If you need to work with multiple worksheets, use the ExcelFile constructor:

python
import pandas as pd

xlsx = pd.ExcelFile('cat.xlsx', engine='openpyxl')
df = pd.read_excel(xlsx, sheet_name='Sheet1')

SECURITY WARNING

Avoid downgrading xlrd to version 1.2.0 as suggested in some older answers.
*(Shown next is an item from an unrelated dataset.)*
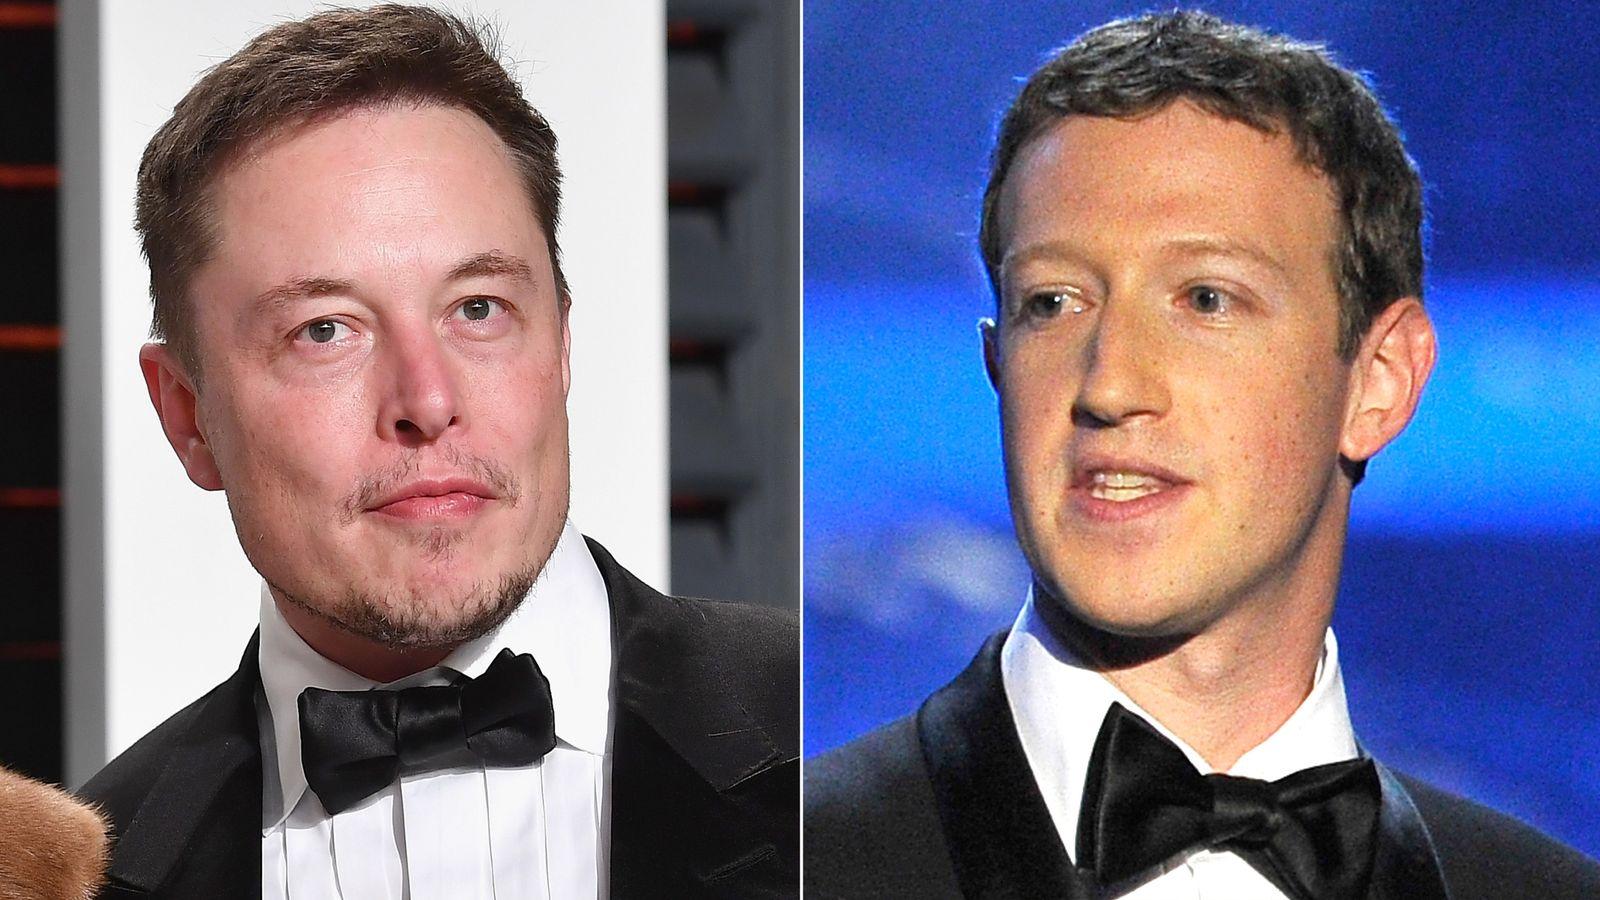 أشهر الشخصيات التقنية elon musk and mark zuckerberg
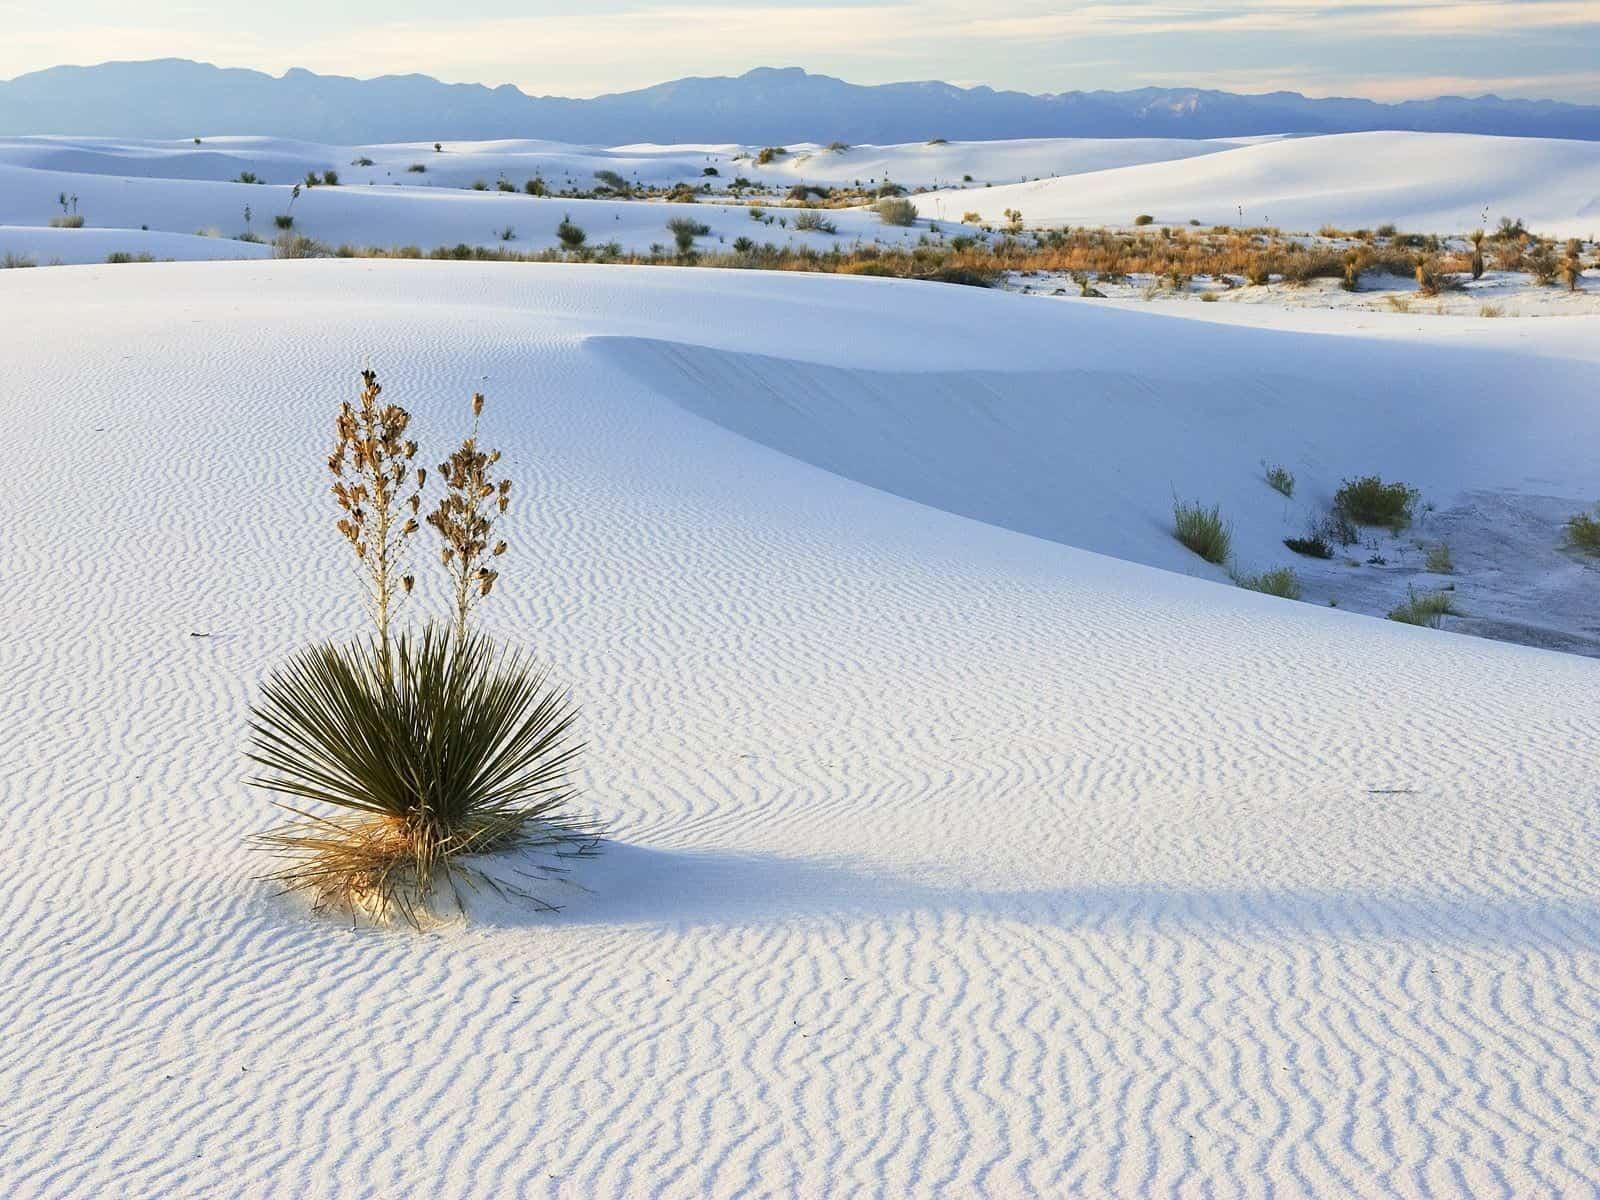 Đồi cát trắng - Bàu trắng với màu trắng tinh khiết lạ mắt

This version has known security vulnerabilities that could expose your system to risks when processing malicious Excel files.

Version Compatibility

The following table shows the compatibility between pandas versions and Excel file formats:

Pandas Version.xls Support.xlsx SupportRecommended Engine
< 1.0.1xlrdxlrd (v1.2.0)Not recommended
1.0.1 - 1.1.xxlrdopenpyxlopenpyxl
≥ 1.2.0xlrdopenpyxlopenpyxl

Best Practices

  1. Always specify the engine explicitly when reading Excel files to avoid unexpected behavior
  2. Keep pandas updated to benefit from the latest security patches and features
  3. Use openpyxl for .xlsx files and xlrd for legacy .xls files
  4. Avoid modifying pandas source code as suggested in some answers, as this creates maintenance issues

Common Use Cases

Reading multiple sheets

python
# Using ExcelFile for multiple operations
excel_file = pd.ExcelFile('data.xlsx', engine='openpyxl')

# Read specific sheets
df1 = pd.read_excel(excel_file, sheet_name='Sheet1')
df2 = pd.read_excel(excel_file, sheet_name='Sheet2')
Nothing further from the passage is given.